In our trial, the response rate of 8.9 percent was similar to rates reported for erlotinib and gefitinib. Some investigators have reported that responsiveness to EGFR inhibitors correlates with sex, histologic type, race or ethnic origin, and smoking status. We also found that response was higher among Asians, women, patients with adenocarcinoma, and lifetime nonsmokers. Contrary to previous reports, the response rate in our trial was higher when 10 percent or more of tumor cells expressed EGFR.

Activating mutations in the EGFR gene have been found to predict a response to gefitinib. The results of our assays for the number of copies and mutation status of the EGFR gene are published in this issue of the Journal. Higher response rates were found among patients with high numbers of gene copies and mutations, but the difference was significant only for gene copies.

Because none of the early trials had a placebo control group, it is not possible to determine whether EGFR-inhibitor therapy was superior to palliative treatment. In our placebo-controlled trial, erlotinib did provide clinically meaningful prolongation of survival. According to the Kaplan–Meier estimates, the median survival was prolonged by two months, and 31 percent of patients treated with erlotinib were alive at one year, as compared with 22 percent in the placebo group. The two-month prolongation of survival is similar to that achieved with docetaxel in the setting of second-line chemotherapy,  even though half the patients in our trial were treated after both first-line and second-line chemotherapy. In this trial and another trial, a significant prolongation of survival was achieved despite response rates of less than 10 percent, perhaps because a high proportion of the patients had durable stable disease while receiving treatment. Survival in this trial appears to be longer than what was achieved in a similar trial of gefitinib, although the response rates were similar in both studies. The characteristics of the patients in these two trials, however, may have differed somewhat.
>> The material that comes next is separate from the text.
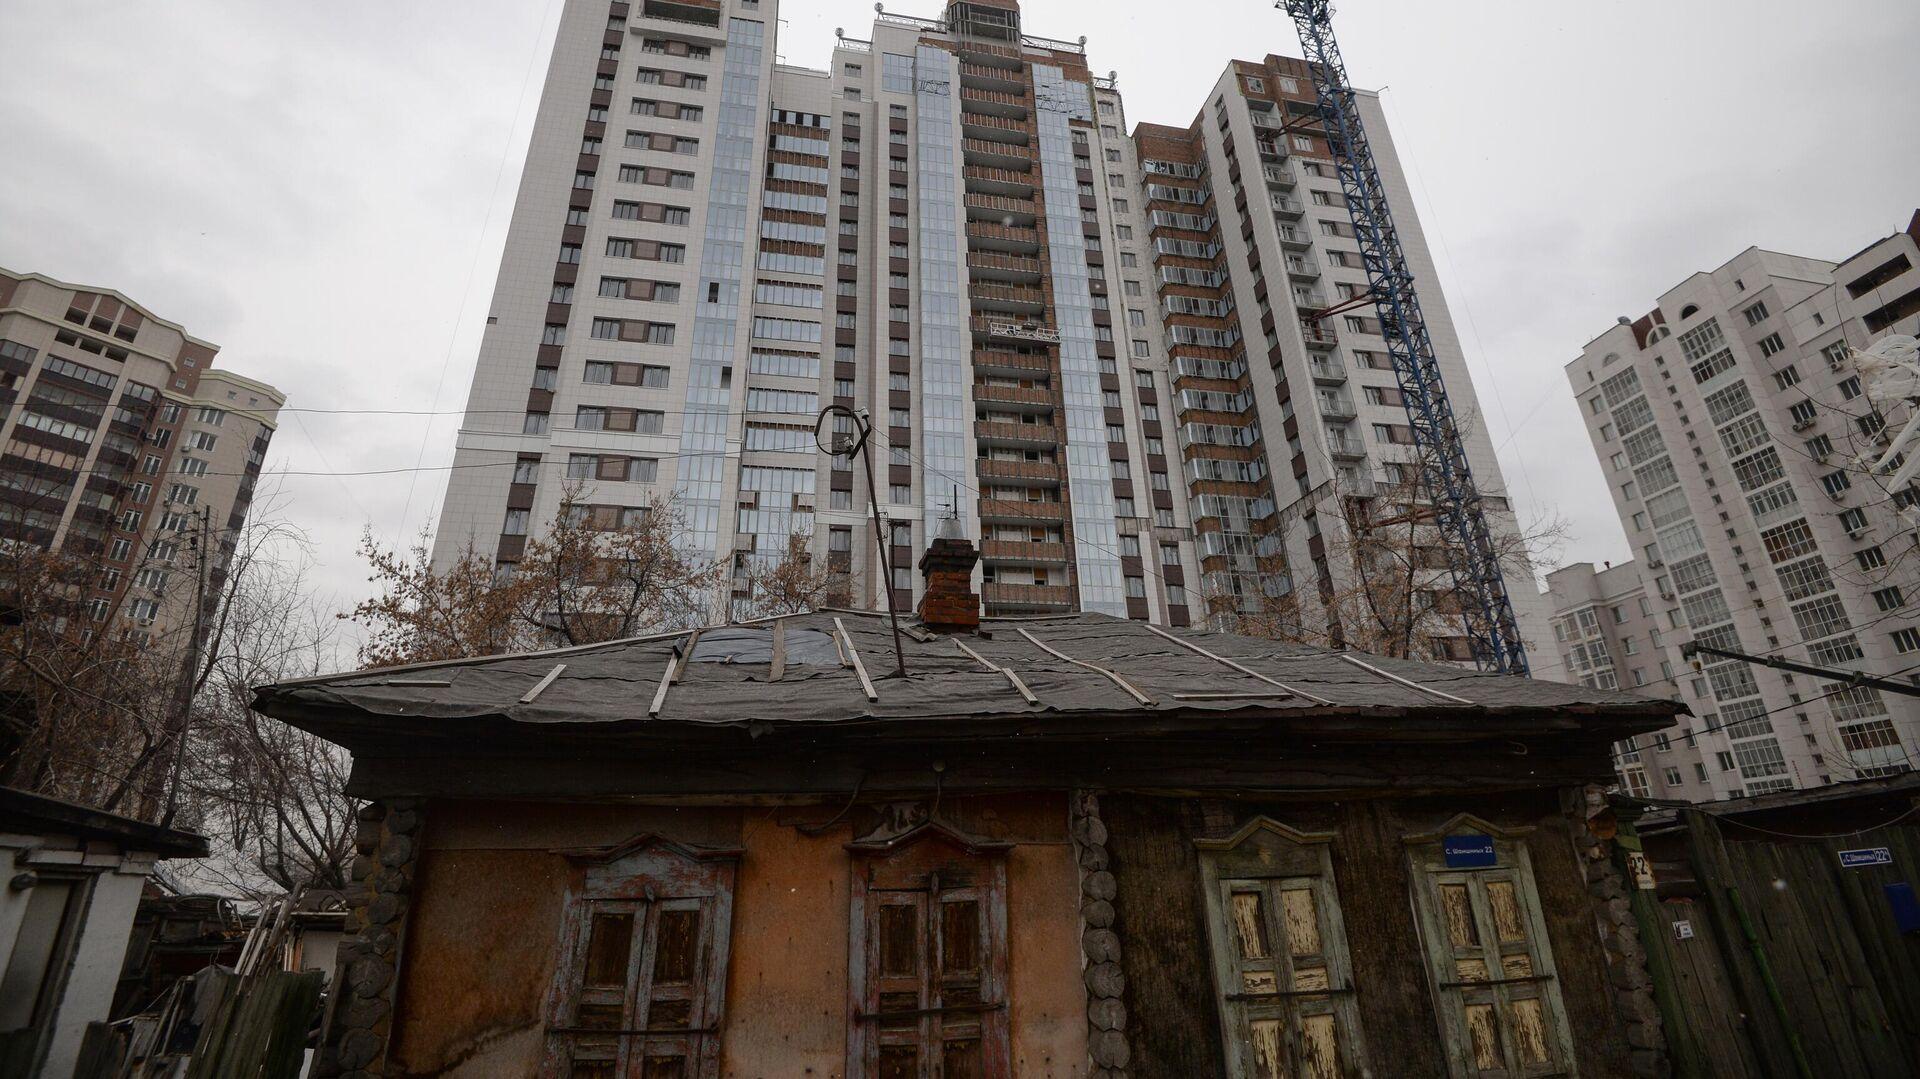 Строительство жилья - РИА Новости, 1920, 21.01.2021

Exploratory multivariate analyses showed that only Asian origin, adenocarcinoma on histologic examination, and a history of not smoking were significant independent predictors of survival after adjustment for treatment and other potential predictors. Erlotinib had a beneficial effect on survival in almost all subgroups tested, but only the interaction between smoking status and treatment was significantly predictive of a differential effect on survival. Notably, the presence of EGFR gene mutations was not predictive of a survival benefit from erlotinib in our study.

In the IDEAL 2 trial, gefitinib rapidly reduced symptoms in 35 percent to 43 percent of patients. In our trial, significantly more patients in the erlotinib group than in the placebo group had reductions in dyspnea, pain, and cough. Furthermore, the time to exacerbation of these symptoms was significantly longer in the erlotinib group. The analysis of the quality of life showed that symptom improvement was also associated with significantly improved physical function.
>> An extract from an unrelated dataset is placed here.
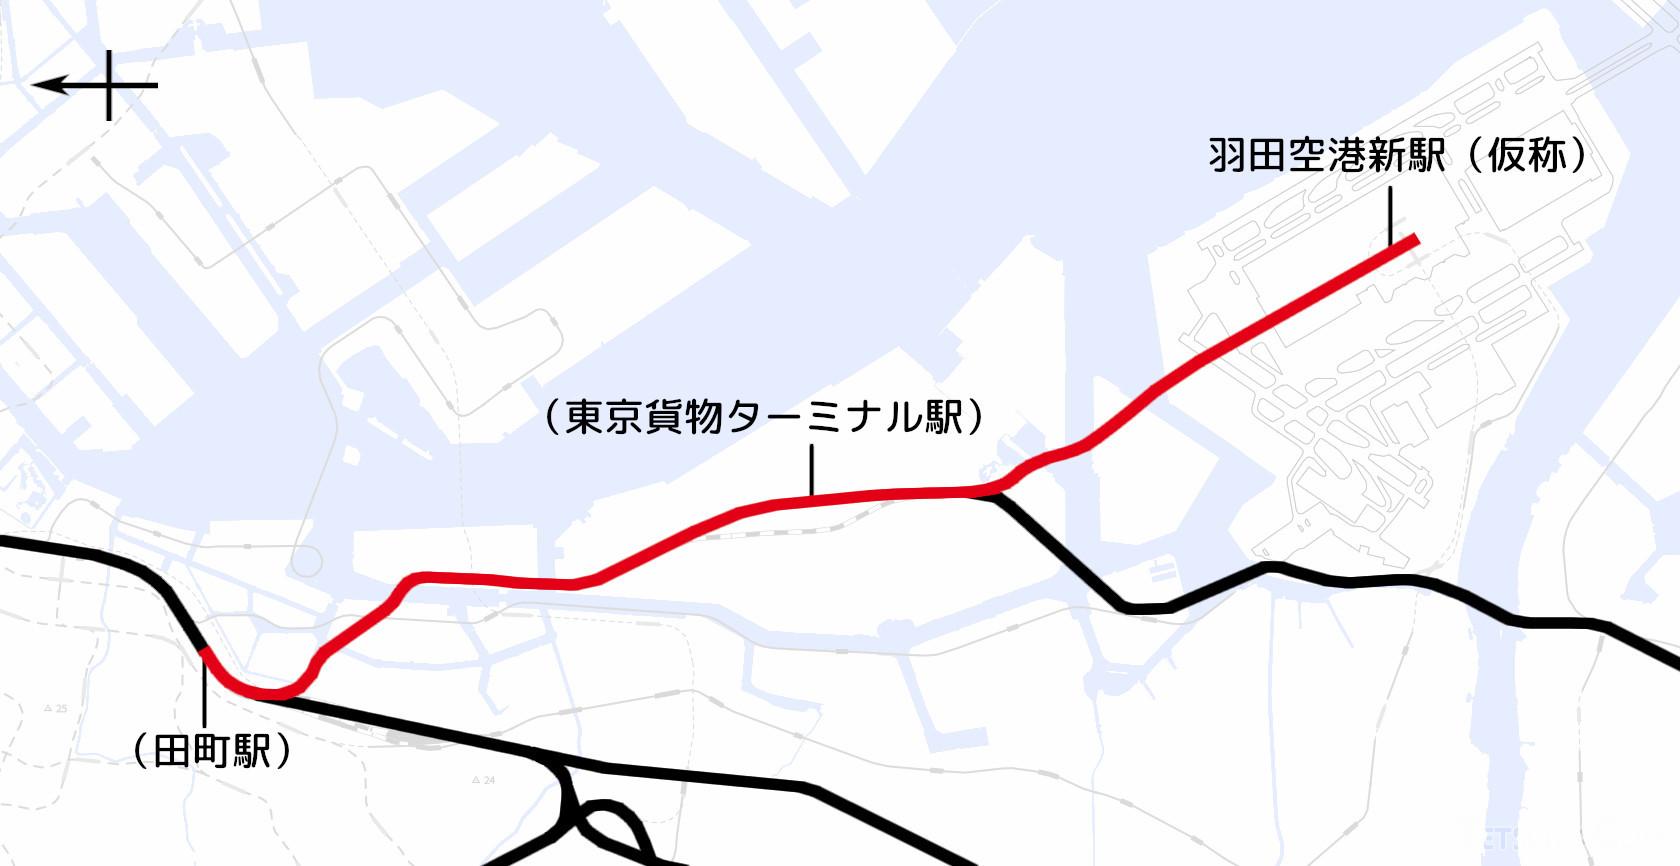 羽田空港アクセス線の計画区間(国土地理院「地理院地図Vector」の淡色地図に加筆)

Rash and diarrhea are the main toxic effects of EGFR inhibitors. They led to dose reduction in 12 percent and 5 percent of patients, respectively, in our trial. Pneumonitis has been reported mainly in Japan following treatment with gefitinib. However, four trials of gefitinib or erlotinib combined with chemotherapy for non–small-cell lung cancer reported similar rates of pneumonitis in active-treatment and placebo groups. We rarely encountered pneumonitis or pulmonary fibrosis.